With the help of powerful mining hardware and mining pool, the bitcoin network becomes more and more secure and decentralized. The energy spent on the network becomes less and less. Thus, the cost and the environmental impact of mining bitcoin is decreasing.
PROOF-OF-WORK IS VALUABLE
The process of mining bitcoin using electricity is called proof-of-work (PoW). Since PoW requires a lot of energy for operating, people think it is wasteful. PoW is not wasteful until bitcoin intrinsic value is recognized. The way that the PoW mechanism consumes energy makes its value. Throughout history, the amount of energy people used for surviving has been increasing substantially. Energy is essential for improving the quality of life. For instance, gold mining consumes a huge amount of energy, the vehicle consumes gasoline, even sleeping also needs energy…etc. Every matter store energy or spend energy is valuable. The intrinsic value of bitcoin can be evaluated via energy consumption. Thus, PoW makes bitcoin valuable. The more energy spent, the more secured network is, the more value-added to bitcoin. The similarity of gold and bitcoin are they are scarce, and they all require a huge amount of energy to mine. Antminer For Sale
Furthermore, PoW is valuable because of its borderless energy consumption. Miners can take advantage of abandoned energy resources from all over the world. They can use energy from a volcano eruption, the energy from sea waves, the abandoned energy from a rural town in China…etc. This is the beauty of PoW mechanism. There had been nothing store of value throughout human history until bitcoin was invented.
BITCOIN VS GOLD
Bitcoin and gold are similar in terms of scarcity and stores of value. People say bitcoin is out of thin air, gold at least has its physical value. The value of bitcoin is at its scarcity, there will be only 21 million bitcoins ever exists. The Bitcoin network is secured and unhackable. When it comes to transportability, bitcoin is much more transportable than gold. For example, one million dollars of bitcoin takes a second to transfer, but the same amount of gold may take weeks, months, or even impossible. There is huge friction of gold liquidity which makes it cannot replace bitcoin. Mining Rig for sale
Moreover, gold mining goes through multiple stages which is time-consuming and costly. In contrast, bitcoin mining only requires hardware and electricity. The risk of gold mining is also big compared to bitcoin mining. Gold miners may face a decreased life expectancy when they work in an intensive environment. While bitcoin miners may only experience a financial loss. With the current value of bitcoin, apparently, mining bitcoin is much safer and more profitable.
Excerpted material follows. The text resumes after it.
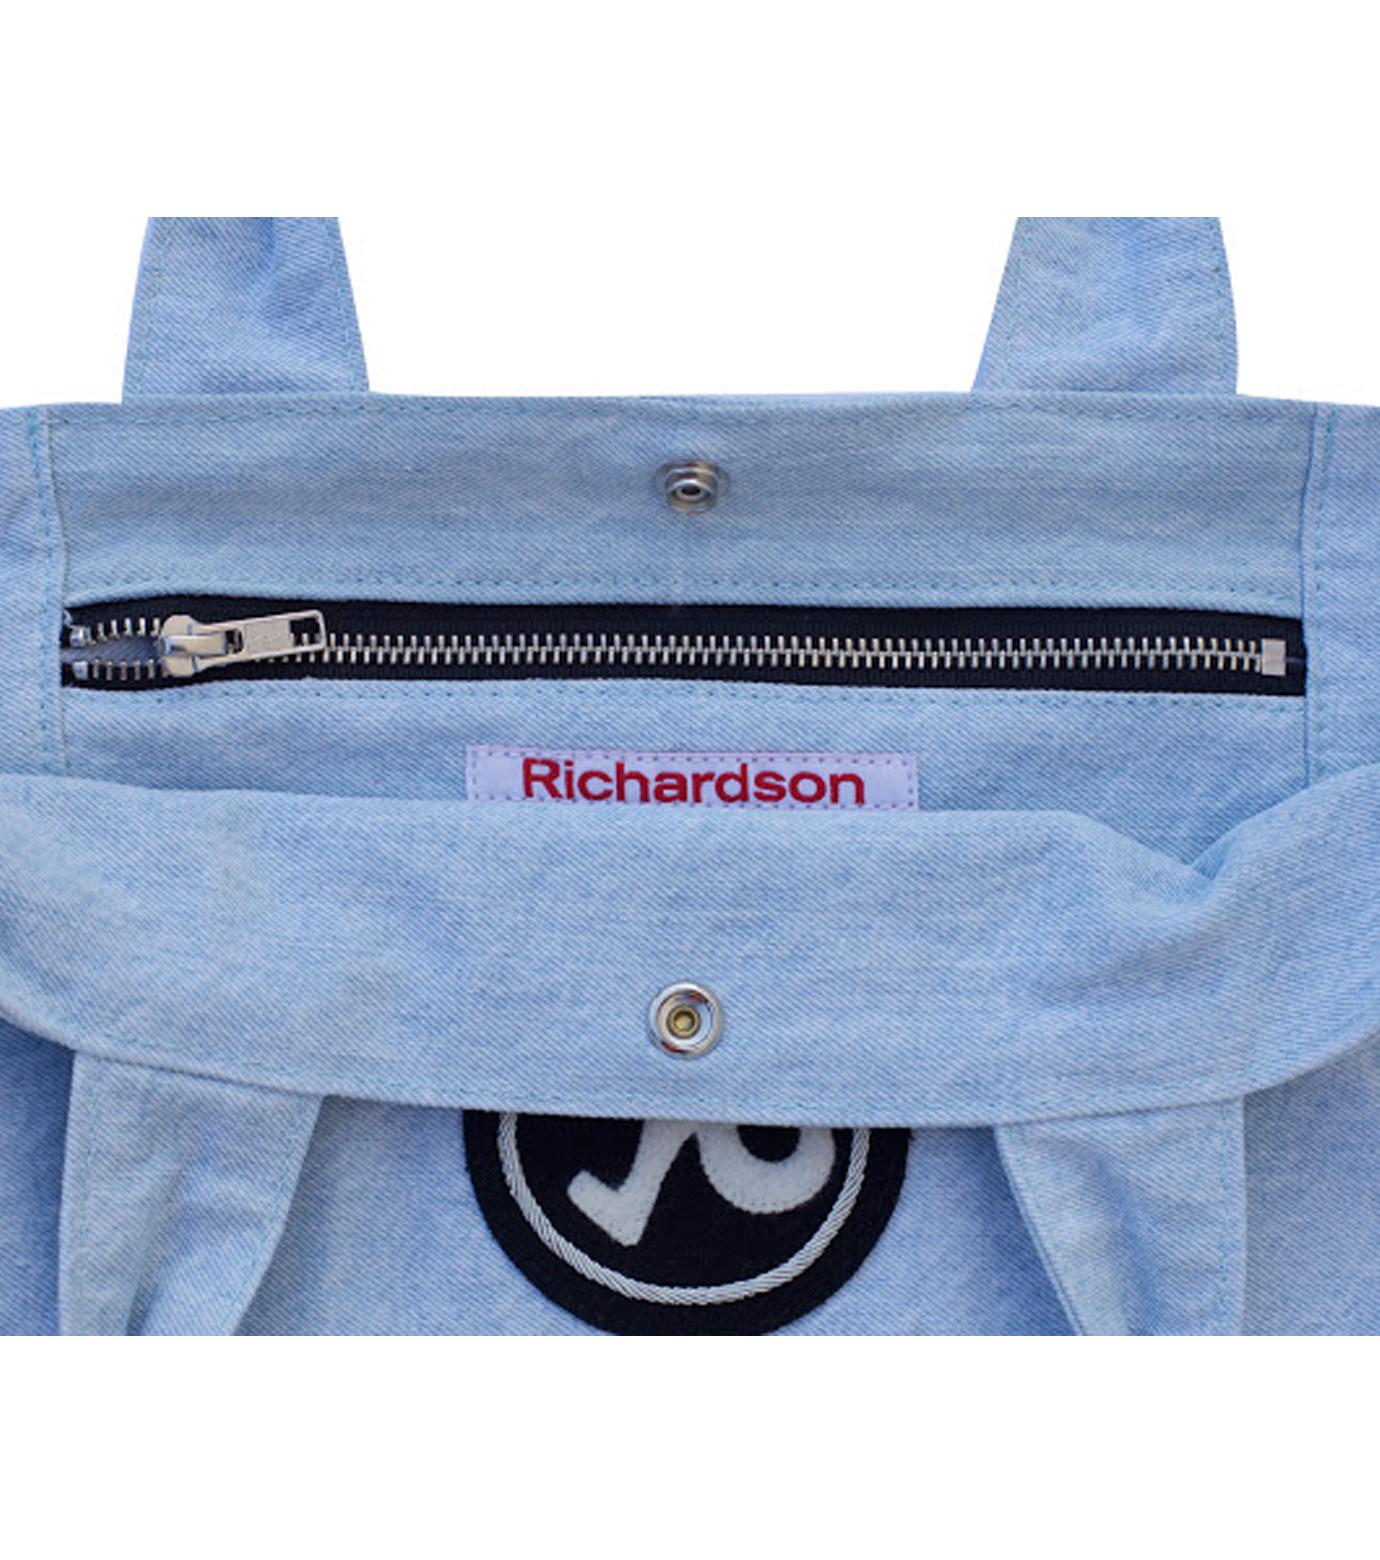 Richardson Magazine(リチャードソン マガジン)のDenim Tote-BLUE(ハンドバッグ/hand bag)-AW16011-92 拡大詳細画像3

Assume mining hardware $750 with a hash rate of 16 TH/s. Running this single hardware would cost $700 to mine approximately 0.1 bitcoin. Thus, the total cost yearly to generate roughly 328500 bitcoins is $2.3 billion. Since 2013, miners have spent $17.6 billion to deploy and operate the bitcoin mining systems. Whereas gold mining cost is $105B yearly, which is much higher than the yearly cost of bitcoin mining. Therefore, the energy spent on the bitcoin network is not wasteful when its value and cost are considered.